Ineffectiveness of Model Scaling
Contrary to expectations, increasing model scale does not mitigate the illusion of re-examination. Larger models such as Qwen3-VL-235B-A22B-Thinking become even more prone to the inertia effect, with degradation rising from 39.4% (8B) to 54.6% (235B).
External Instruction Restores Grounding
Explicit multi-turn user instructions—where the new image and an instruction to re-examine are supplied via a fresh user turn—almost completely recover visual grounding. For instance, Qwen3-VL-235B-A22B-Thinking rebounds to 85.4% accuracy, nearly matching baseline (88.8%). Thus, the visual re-examination capability exists latently, but self-generated reflective statements in continuous decoding do not trigger it.
Mechanistic Analysis
Attention Dynamics
Attention analysis demonstrates that self-reflective statements result in negligible increases in attention to image tokens. In contrast, external user instructions substantially elevate attention on visual representations, triggering genuine regrounding. The roots of the illusion are therefore not architectural incapacity, but a failure of autonomous attentional control during autoregressive, context-heavy generation.
Reasoning Context Inertia
The effect becomes more severe as more of the original reasoning context is retained: longer chains further entrench the model in its prior textual trajectory, decoupling it from current visual evidence.

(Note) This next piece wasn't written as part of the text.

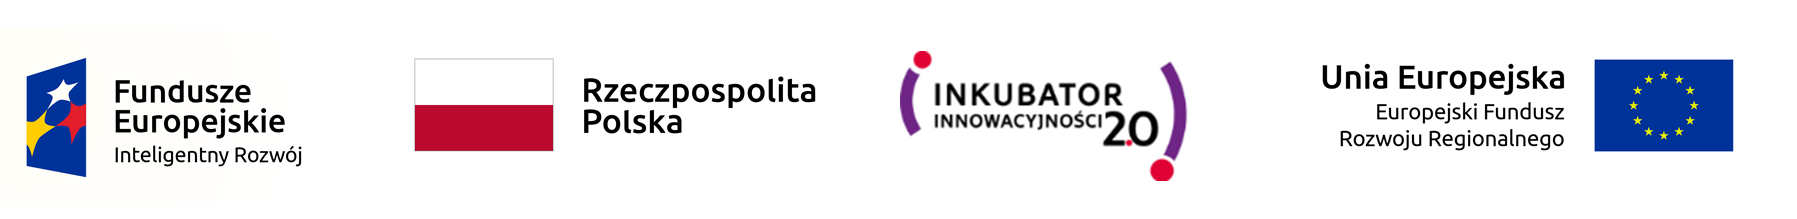 Logotypy Fundusze Europejskie, Rzeczpospolita Polska, Inkubator Innowacyjności 2.0, Unia Europejska

Prompt Robustness and Naturalistic Triggers
The phenomenon is robust across diverse prompt phrasings and persists even when swaps are aligned with naturally occurring self-reflective triggers produced by models themselves. The effect is thus not an artifact of artificial prompt injection.
Causal Effect of Visual Attention Manipulation
Externally amplifying attention to image tokens (by scaling attention weights) partially heals the blindness, most notably in thinking variants (+18.2% accuracy gain), supporting the causal role of attentional suppression in the failure.
Implications
Practical Implications
Failure to perform authentic visual re-examination carries substantial risk in safety-critical applications such as medical imaging and autonomous systems, where overreliance on asserted self-verification can lead to undetected errors and hallucinations. The study cautions against relying on self-reflective chain-of-thought as an indicator of trustworthiness in the absence of verifiable attentional engagement.
Theoretical Implications
The findings underscore a fundamental limitation of current CoT-based VLMs: intrinsic reasoning processes prioritize text-based coherence over dynamic sensory re-grounding. This exposes a mismatch between linguistic simulation of reasoning and true multimodal integration. The distinction between capability and control is made explicit; models can process new images competently if externally cued, but lack mechanisms for autonomous, context-driven attention resetting.
Future Directions
Improvements likely require architectural or training protocol innovations to incorporate mechanisms for dynamic attentional control. This could involve training with explicit visual verification steps, introducing auxiliary losses tied to visual attention activation, or restructuring decoding paradigms to facilitate visual re-engagement during long-form reasoning. The diagnostic protocol established here provides a robust framework for evaluating progress on this front.
Conclusion
This work rigorously demonstrates that state-of-the-art VLMs, when left to their own devices, merely "say" they are re-examining visual input rather than genuinely "seeing" again during self-reflection. The illusion of visual re-examination is robust to scaling, prompting, and model design. The attenuation of this effect by explicit user intervention or forced attention highlights the gap between multimodal reasoning as linguistic simulation and genuine perceptual verification. Addressing this gap constitutes a central challenge for advancing reliable, autonomous multimodal AI (2605.15864).